Another mother and daughter pair, Fairborn residents Krista and Kortney Esposito, shopped across the street from the Commons at the Michael’s craft shop as soon as it opened at 11 a.m.

Mostly shopping to get painting supplies for her daughter Kortney, Esposito said it felt great to get out of the house to do something normal, but that shopping still didn’t feel the same.

“You look around and see people with a bunch of face masks, it just kind of makes it a little more intense,” Esposito said. “You still have that ‘what if’ — what if today is the day I get it (coronavirus)? It’s just weird, it’s different … But it makes you feel a little bit better.”

Christopher and Kristi Lowe went to the Dayton Mall so that Christopher could get his eyebrows done, but the shop was closed. Although the thing they had come out for wasn’t open, the mother and son continued to browse what was open at the mall.
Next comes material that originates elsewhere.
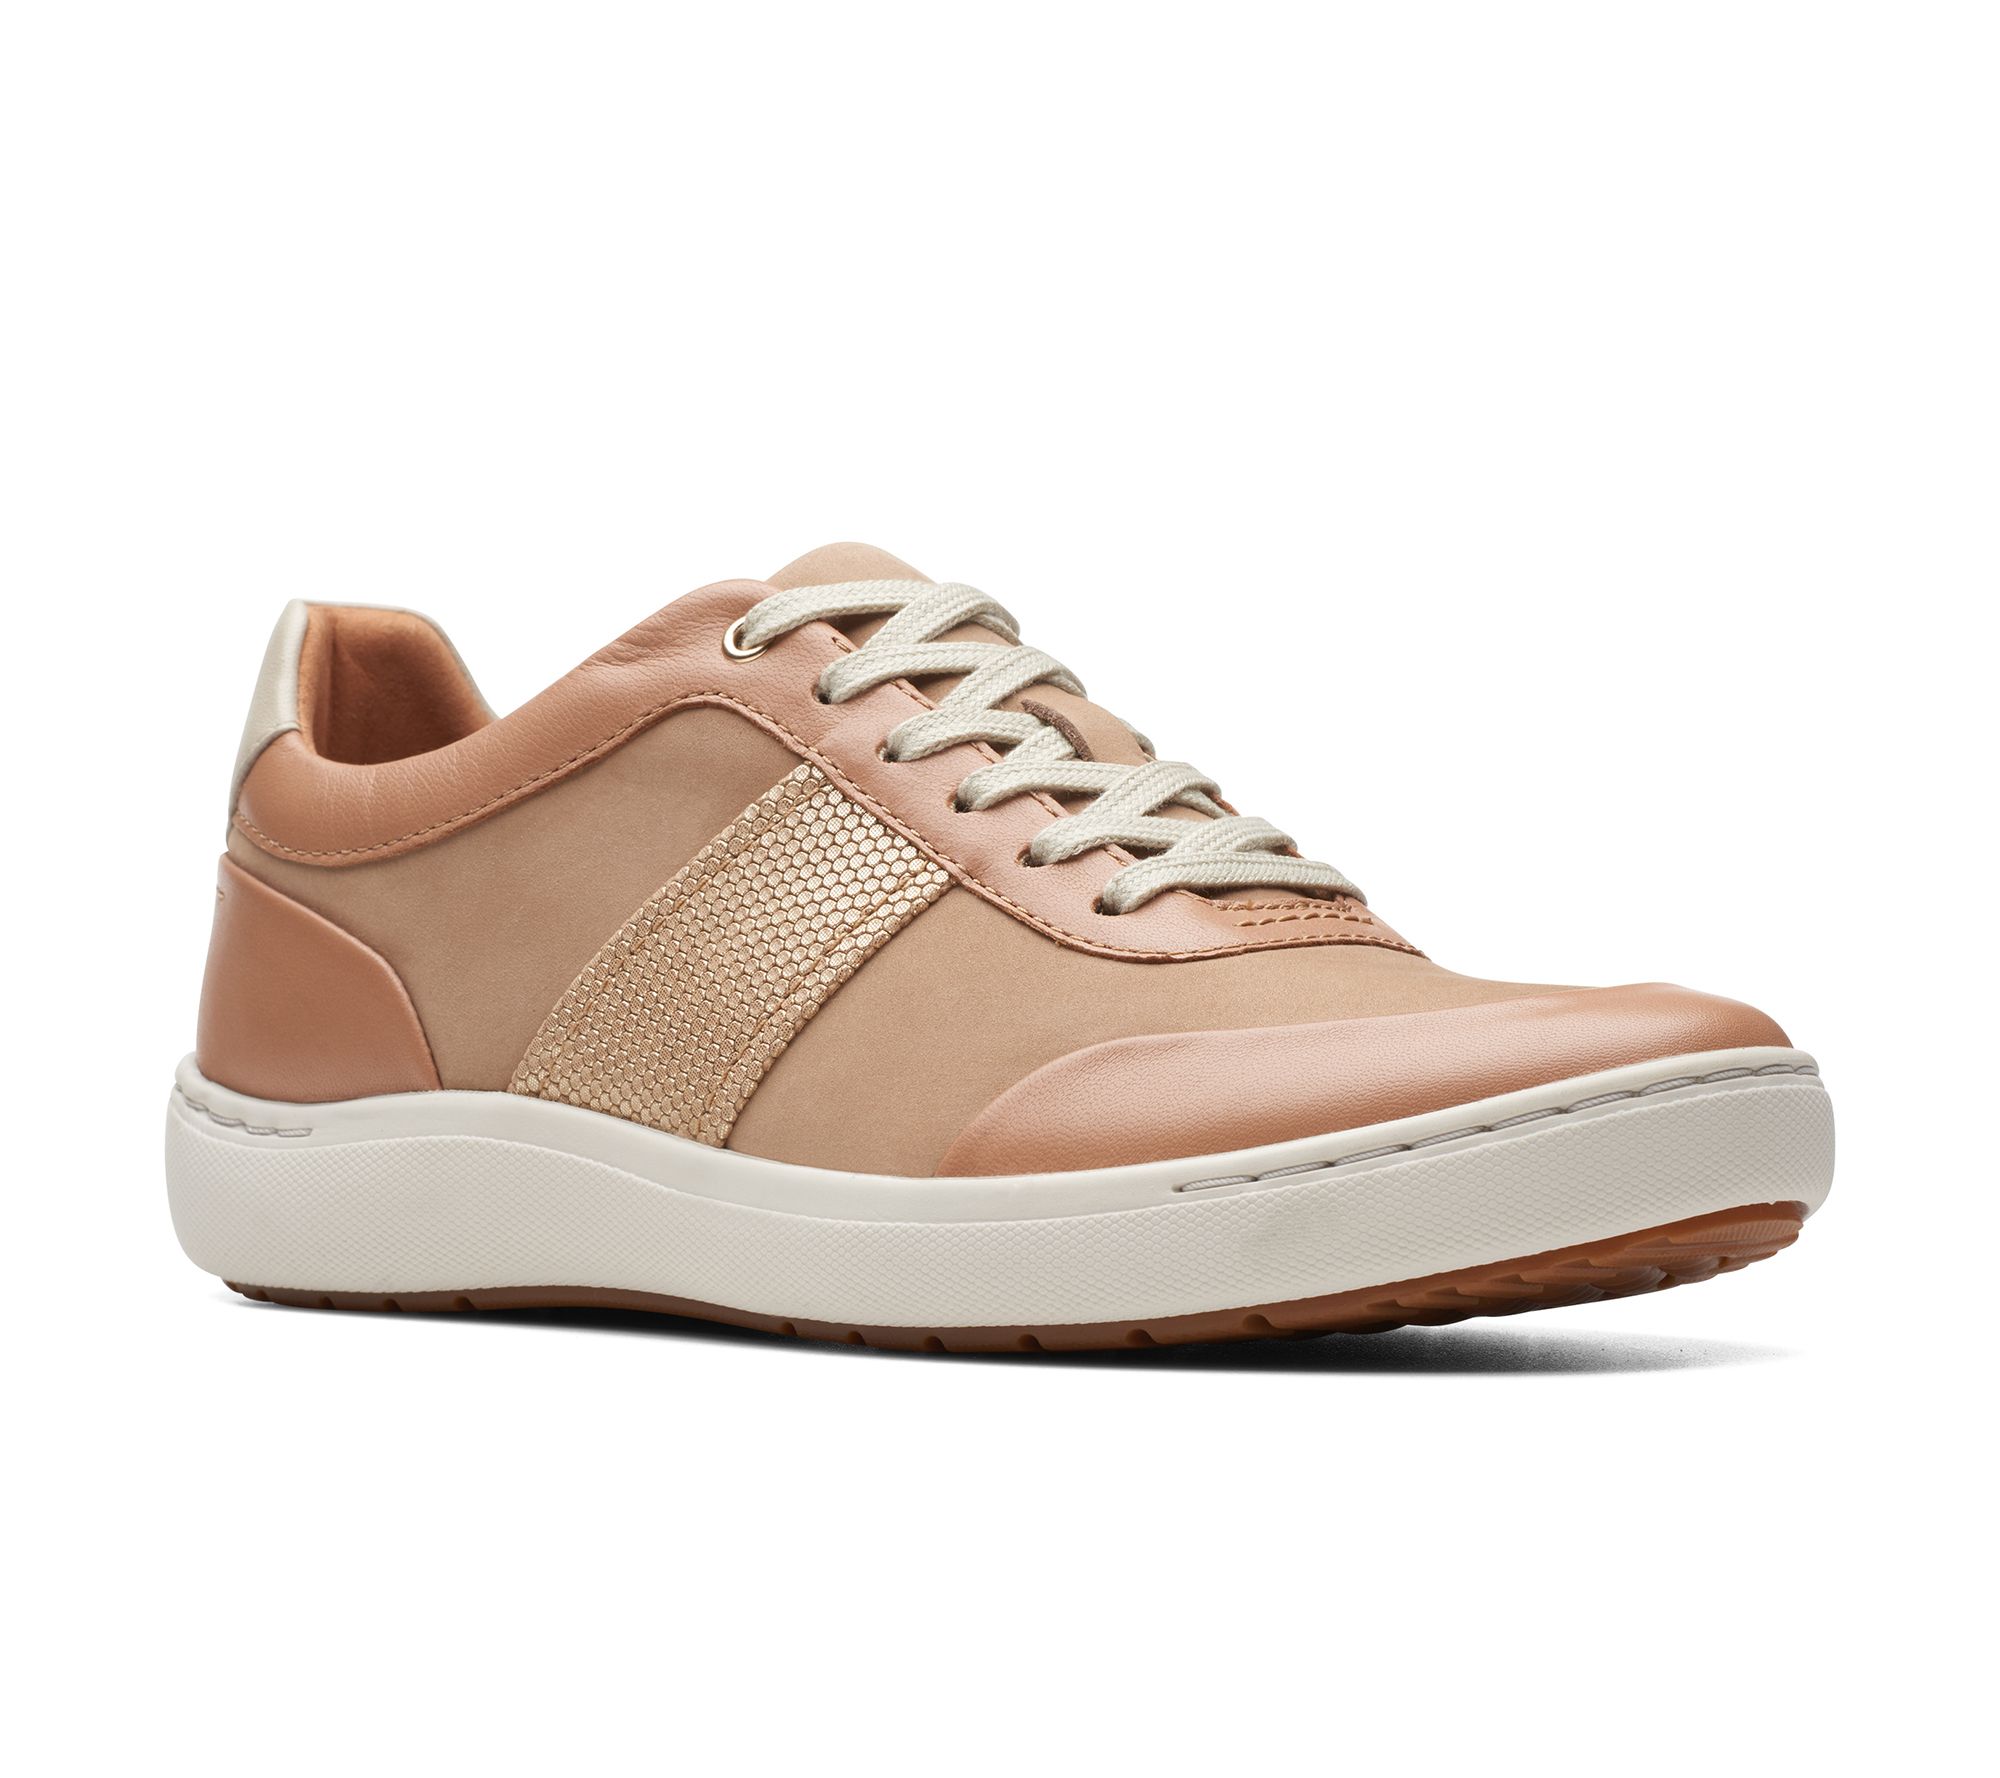 Clarks Lace-Up Leather Sneaker - Nalle Fern - QVC.com

The Lowes said they were surprised that not all the stores were open, but understood why some stayed closed.

Christopher Lowe said he works in the food service and will have to take the same precautions that the employees at the Dayton Mall are currently taking.

“I hope people are patient (with the retail employees),” Kristi Lowe said.
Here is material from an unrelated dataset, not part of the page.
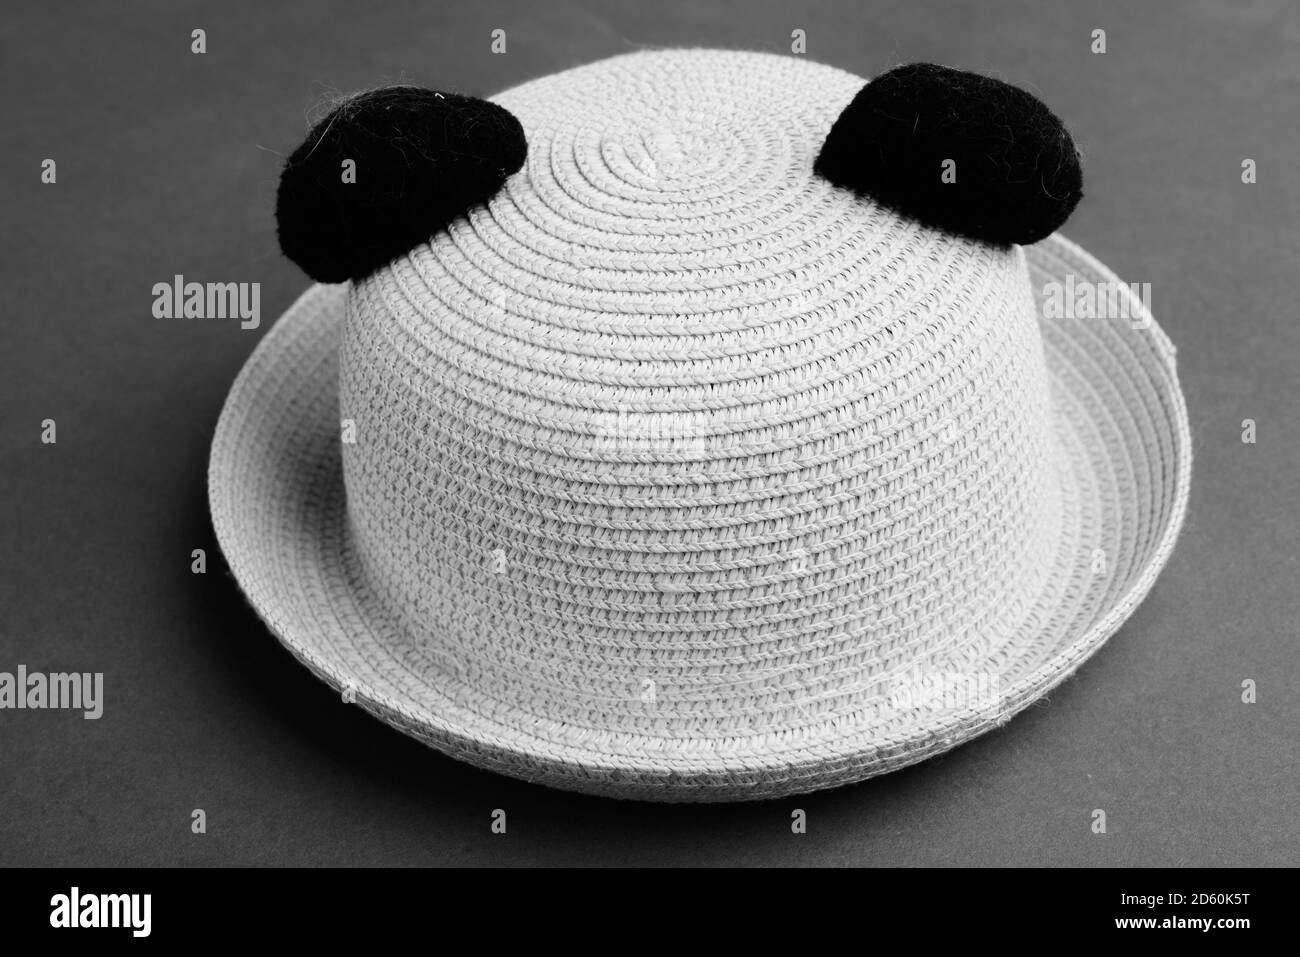 Sun Hat Against Gray Background In Black And White Stock Photo

The Lowes said their shopping experience on Tuesday was surreal.

“The guy at Auntie Anne’s was taking off his gloves and sanitizing and putting new ones on for every new person,” Kristi Lowe said. “This is very weird.”

Duebber said shoppers seemed to be happy to have an opportunity to get out of the house.

“I think (shoppers) appreciate the measures we’re taking to keep everyone safe,” Duebber said.

In the Oregon District, many stores also remained closed on Tuesday.

Brim is open by appointment only, according to signs outside the store. Heart Mercantile, Luna Gifts and Beck and Call are still closed for in-store shopping. The Oregon District Goodwill and Exotic Fantasies opened for in-store shopping on Tuesday.